Es soll damit auf Ostsee geangelt werden,bis zu 3 Personen.Hat jemand damit evtl. eigene Erfahrungen machen können?Kann mich nicht festlegen.Ich komme aus 22846 Norderstedt.Ich bedanke mich im Voraus!

MfG. Root


----------



## Don-Machmut (23. März 2015)

*AW: Bootsberatung*

für die osstsee usw. würde ich mal über ein boot von 5 m plus nachdenken |kopfkrat 

wieviel ps. soll den ran an das boot #t


----------



## karatus (23. März 2015)

*AW: Bootsberatung*

Hallo,

denke an die 15 PS,wegen führerscheinfrei.

MfG.


----------



## Don-Machmut (23. März 2015)

*AW: Bootsberatung*

ja das hab ich mir schon gedacht #h

ich würde mal über die dreihundert euro nachdenken und in ein sfb see investieren #h  und dann über ein boot mit ausreichend motorisierung und größe nachdenken #t


----------



## Skorpio (24. März 2015)

*AW: Bootsberatung*

Hallo

 Die 3 Boote gehen für die Ostsee, WENN Du alle
 Sicherheitsaspekte, wie Wetter, Ausrüstung ect. im Auge hälst...


 MfG


----------



## Thomas9904 (24. März 2015)

*AW: Bootsberatung*

Die Longliner sind eigentlich recht sichere Boote, aber nicht sehr lagestabil ohne Fahrt - will heissen, die rollen dann ordentlich über die Längsachse.
Liegt an der Halbgleiterausführung mit relativ runden Spanten - sicher, aber "kippelig"..

Hier was zum Crescent:
http://www.anglerboard.de/board/showthread.php?t=148806

Zur Nydam kann ich nix sagen..


----------



## Gelöschtes Mitglied 150887 (24. März 2015)

*AW: Bootsberatung*

Ich würde auch zu einem größeren Boot raten, keines der Boote ist laut Prospekt 300 KG schwer und das breiteste ist mit 1,90m angegeben.

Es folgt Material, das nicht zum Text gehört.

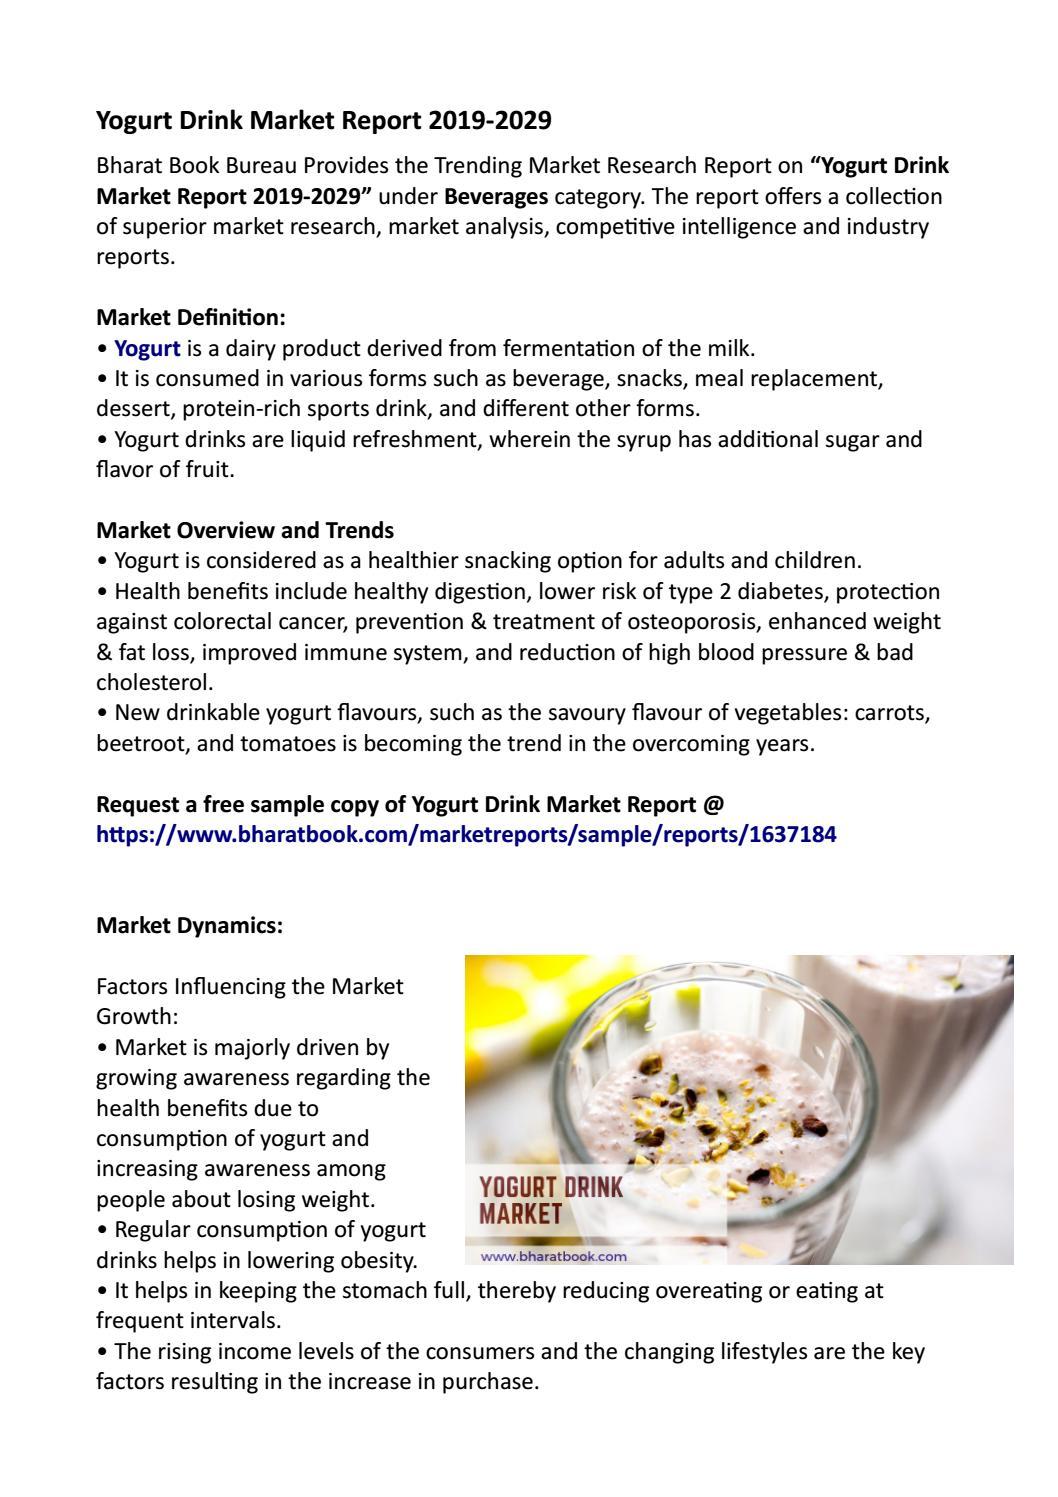 Yogurt Drink Market Research Report 2019-2029 by Bharat Book

Das ist nicht sehr kippstabil.


----------



## Chips (27. März 2015)

*AW: Bootsberatung*

Hallo,

wer bei wind und wetter fast immer raus will, ist mit einem Boot über 5 m natürlich besser dran.
Aber wenn du Wetter, Wind und Windrichtung beachtest, bist 
du mit den Bootsgrößen gut bedient.

Ich fahre seit 11 Jahren mit einer 14 Fuß Orkney mit 20 PS
auf der Ostsee und komme gut damit zurecht, allerdings nur zu zweit, sonst wirds zu eng (Schlupfkajüte)

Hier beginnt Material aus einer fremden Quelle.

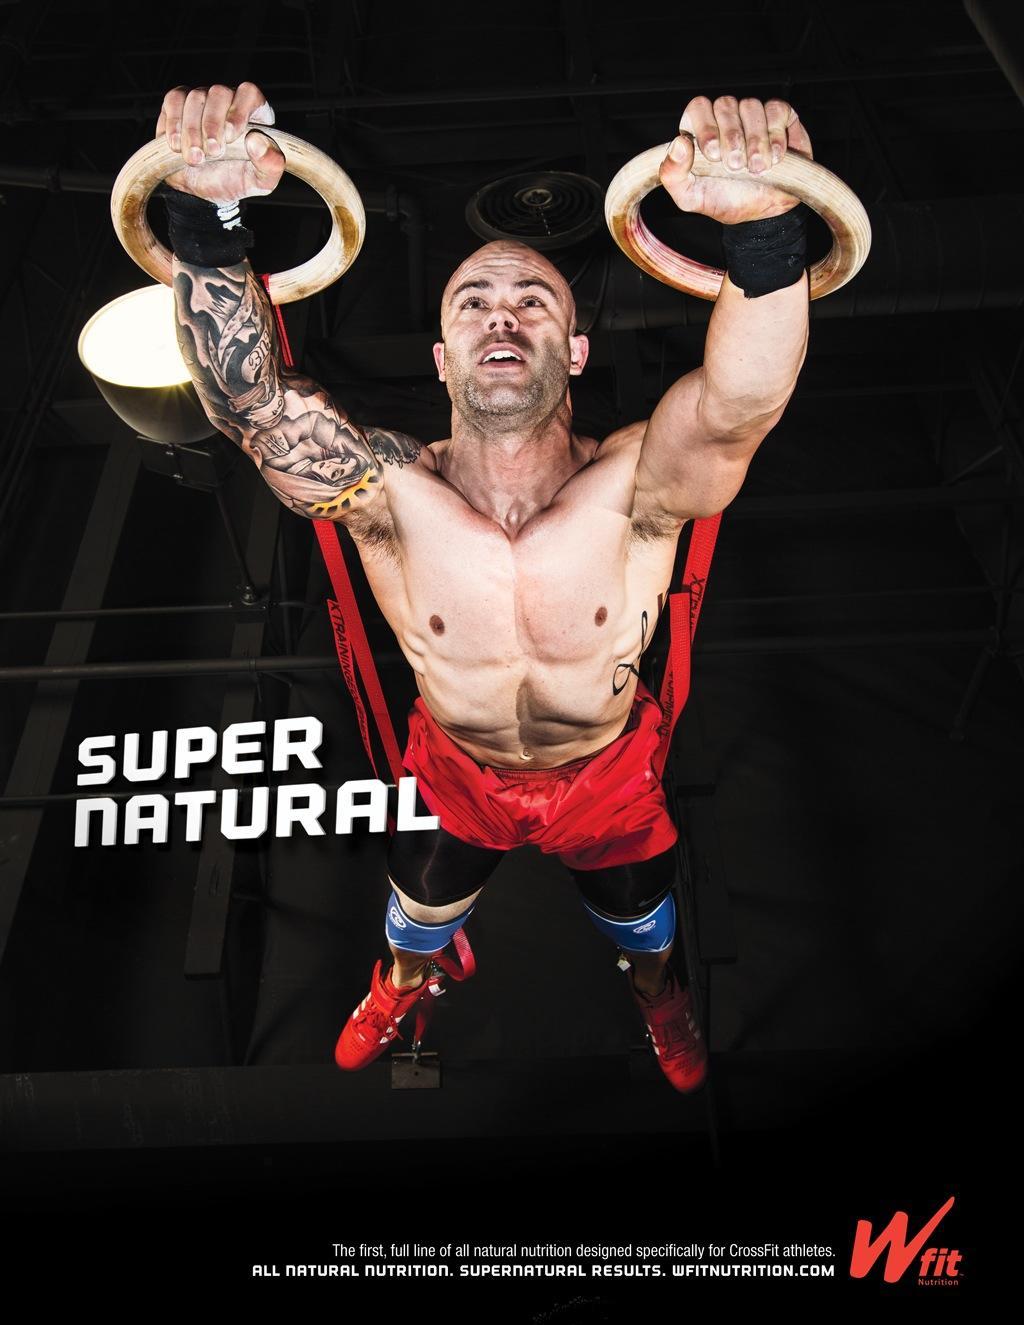 Wfit Nutrition Print Ad -  Super Natural, 4

Ein kleines Boot ist auch leichter geslippt, brauchst bei den
genannten auch keinen gebremsten Trailer (kommt natürlich auf die Anhängelast deines Autos drauf an) und du kannst manche Slipstellen nutzen wo es mit grösseren Booten schnell
eng wird.

Die Nydam boote werden ja in Polen hergestellt und auch unter dem Namen Neptun, www.Neptun-Boote.de für erheblich weniger Geld vertickt. Jedenfalls sind die Modelle 470 Sport und 550 Sport baugleich.
Über die qualität kann ich dir leider nichts sagen, kosten
dafür nur die Hälfte von Crescent/Orkney Co.

LG
Chips


----------



## karatus (29. März 2015)

*AW: Bootsberatung*

Vielen Dank an dieser Stelle an alle!Werde weiterhin Infos sammeln,die Sache ist nicht einfach für mich als Anfänger,will ja keine Fehlkäufe tätigen.

MfG. Root


----------



## angelfreund 2012 (21. April 2015)

*AW: Bootsberatung*

Hey,
ich fahre seit 2011 mit einem Terhi 4110.Küstennahe Gweässer bis zur Windstärke 3 ist vertretbar.Wir sind total begeistert, denn auch wir waren damals Anfänger. Suchen mitlerweile ein etwas größeres Boot( Familienzuwachs). Denn wir konnten alle mit unserer Freude anstecken.


----------